We mapped the spatial distribution of grazing intensity from 2018 to 2022, finding that it increased in the northeast and decreased in the southwest in 2020. However, the grazing intensity was lower in the northeast and higher in the southwest in 2021 than in 2020. This result aligned with the spatial distribution of alpine grassland AGB during the pandemic, which decreased as the grazing intensity increased, and vice versa (Figure 5 and Figure 10). In summary, the pandemic indirectly affected grassland AGB in local areas, but the impact was not significant (p > 0.05). Therefore, our hypothesis was valid.

4. Discussion

4.1. Performance of Machine-Learning Algorithms for Biomass Estimation

Elevation, the ARVI, the RVI, the NDVI, the IPVI, and the GNDVI were the optimal variables for the grassland AGB inversion model, in agreement with previous studies indicating that vegetation indices are important feature variables [53,54,55]. Riihimaki et al. found that the greatest NDVI and biomass were observed in areas of low elevation and high solar radiation, predominantly on valley slopes facing south to southwest. This is consistent with our findings indicating that the interactions between elevation and the ARVI, the IPVI, the NDVI, and the RVI were significant. The vegetation indices and AGB were significantly higher at lower altitudes. This is primarily because lower-altitude areas are closer to the tree line and have abundant shrubs and sufficient soil moisture, resulting in relatively higher vegetation indices and grassland AGB [56]. The SVM algorithm provided the highest estimation accuracy (R2 = 0.85), outperforming the RF, ANN, and GPR models.
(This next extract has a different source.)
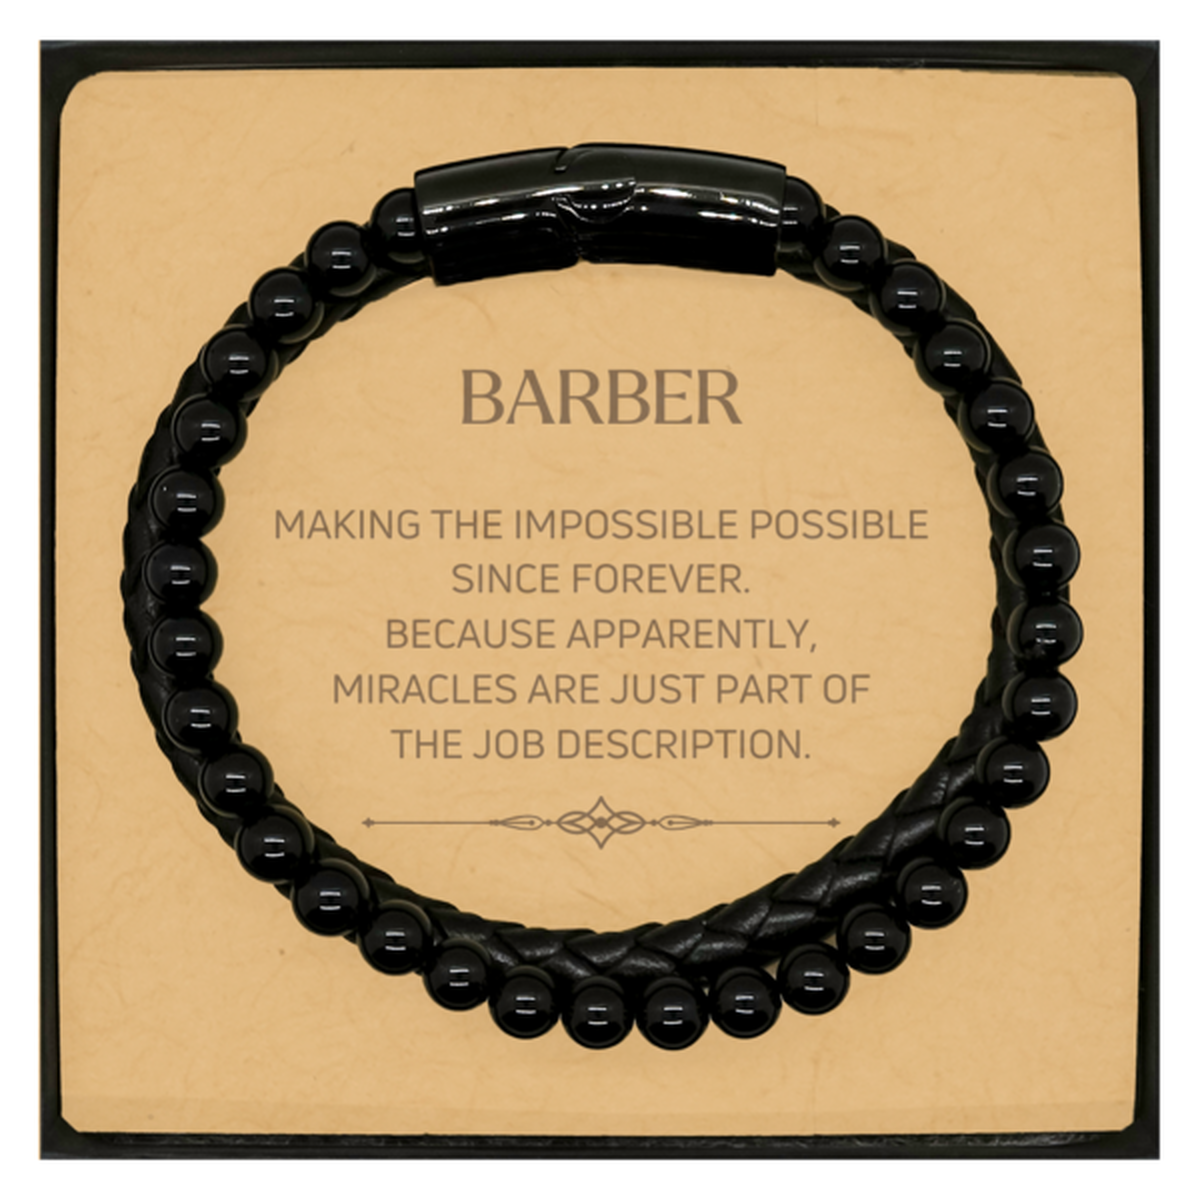 Funny Barber Gifts, Miracles are just part of the job description, Inspirational Birthday Christmas Stone Leather Bracelets For Barber, Men, Women, Coworkers, Friends, Boss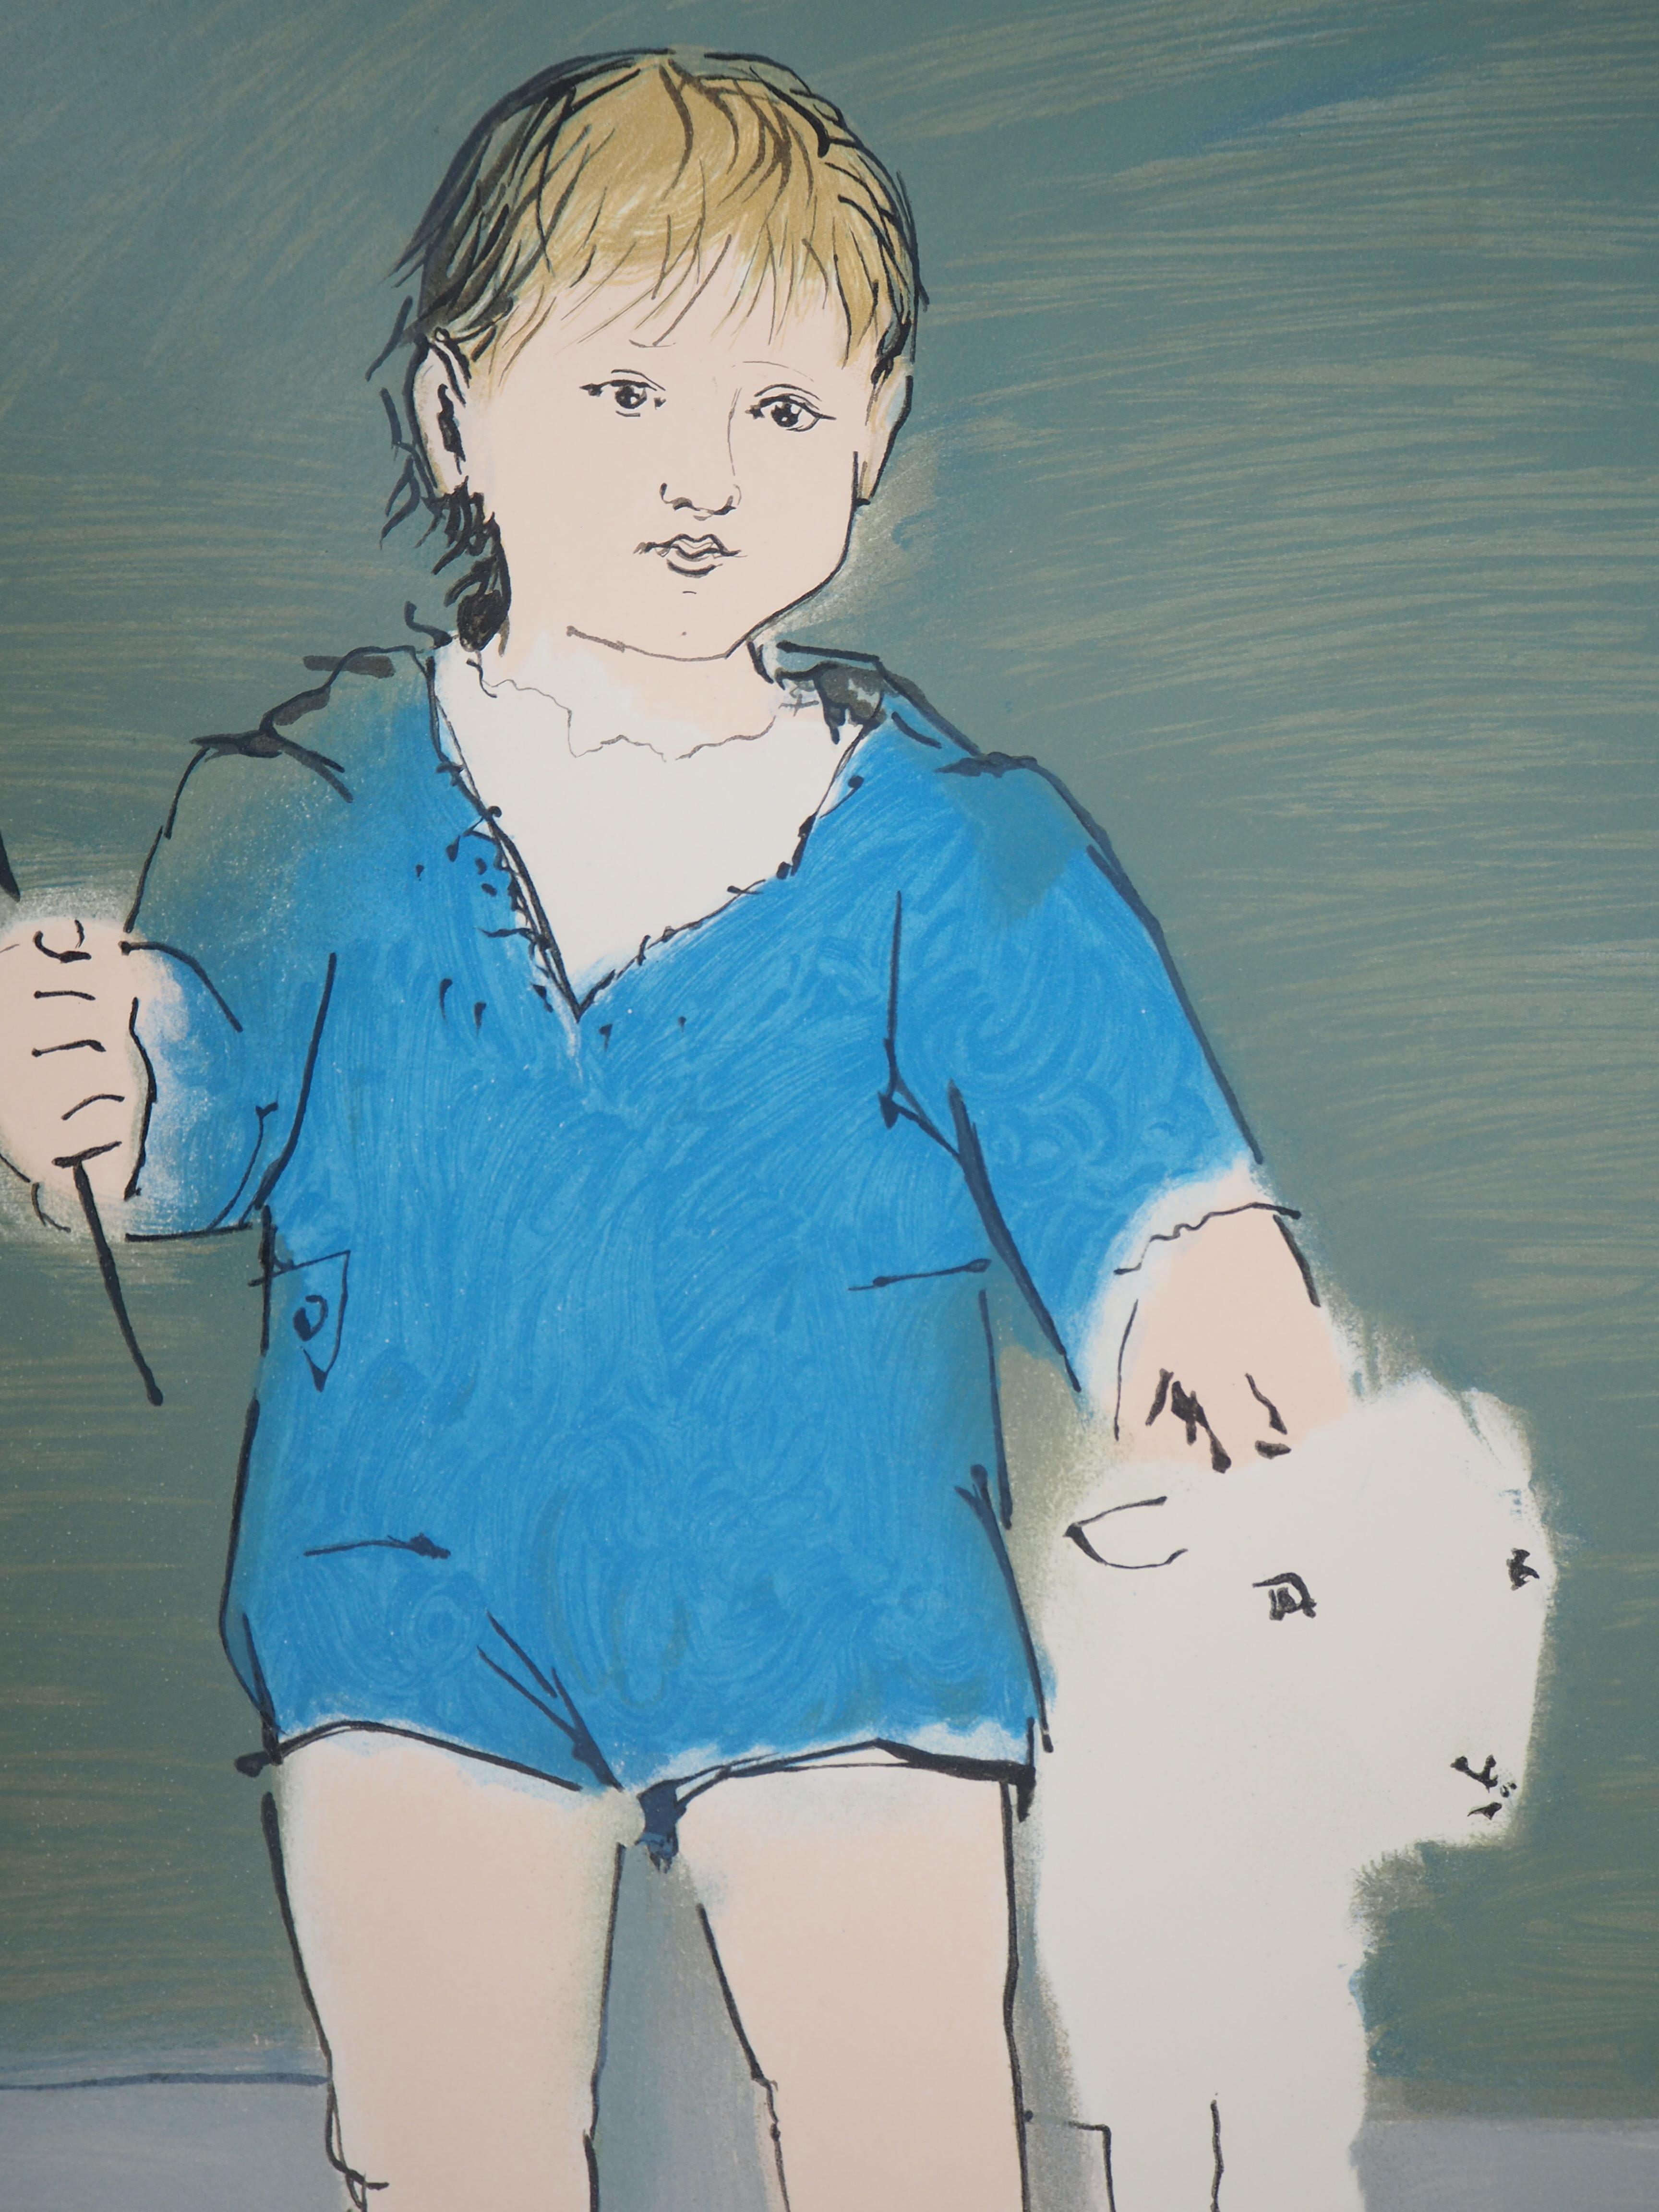 Child with a Lamb - Lithograph (Mourlot) - Gray Figurative Print by Pablo Picasso

SVM has high accuracy and prediction performance on small data samples [57,58] and has been used to estimate grassland AGB accurately based on vegetation indices [59,60,61]. Therefore, SVM is the best algorithm for estimating grassland AGB, considering the sample data size, optimal variables, and computational complexity.
Although the estimation accuracy of the SVM algorithm based on the optimal variables was high, its accuracy depended on the observation data to a certain extent. The sampling locations were nonuniformly distributed, and the data sample was small due to the topography, transportation, and other conditions, affecting the accuracy of AGB estimation [14,62]. Therefore, in future studies, model accuracy could be improved through surveys of undersampled grasslands, increasing the data sample and ensuring the uniform distribution of sampling points for improving the long-term monitoring of grassland ecosystems. Additionally, we acknowledged that the addition of observational data from 2018 to 2020 can further improve the reliability of the model, especially for capturing microscale changes in grassland AGB. Our model demonstrated high accuracy (R2 = 0.85, RMSE = 55.7) in predicting AGB, which supports the robustness of the current results. This suggests that we were able to accurately predict grassland AGB from 2018 to 2022, despite the limited sample size. However, in future studies, incorporating additional field survey data from multiple years should be considered to capture finer-scale variations and further enhance the model’s predictive accuracy.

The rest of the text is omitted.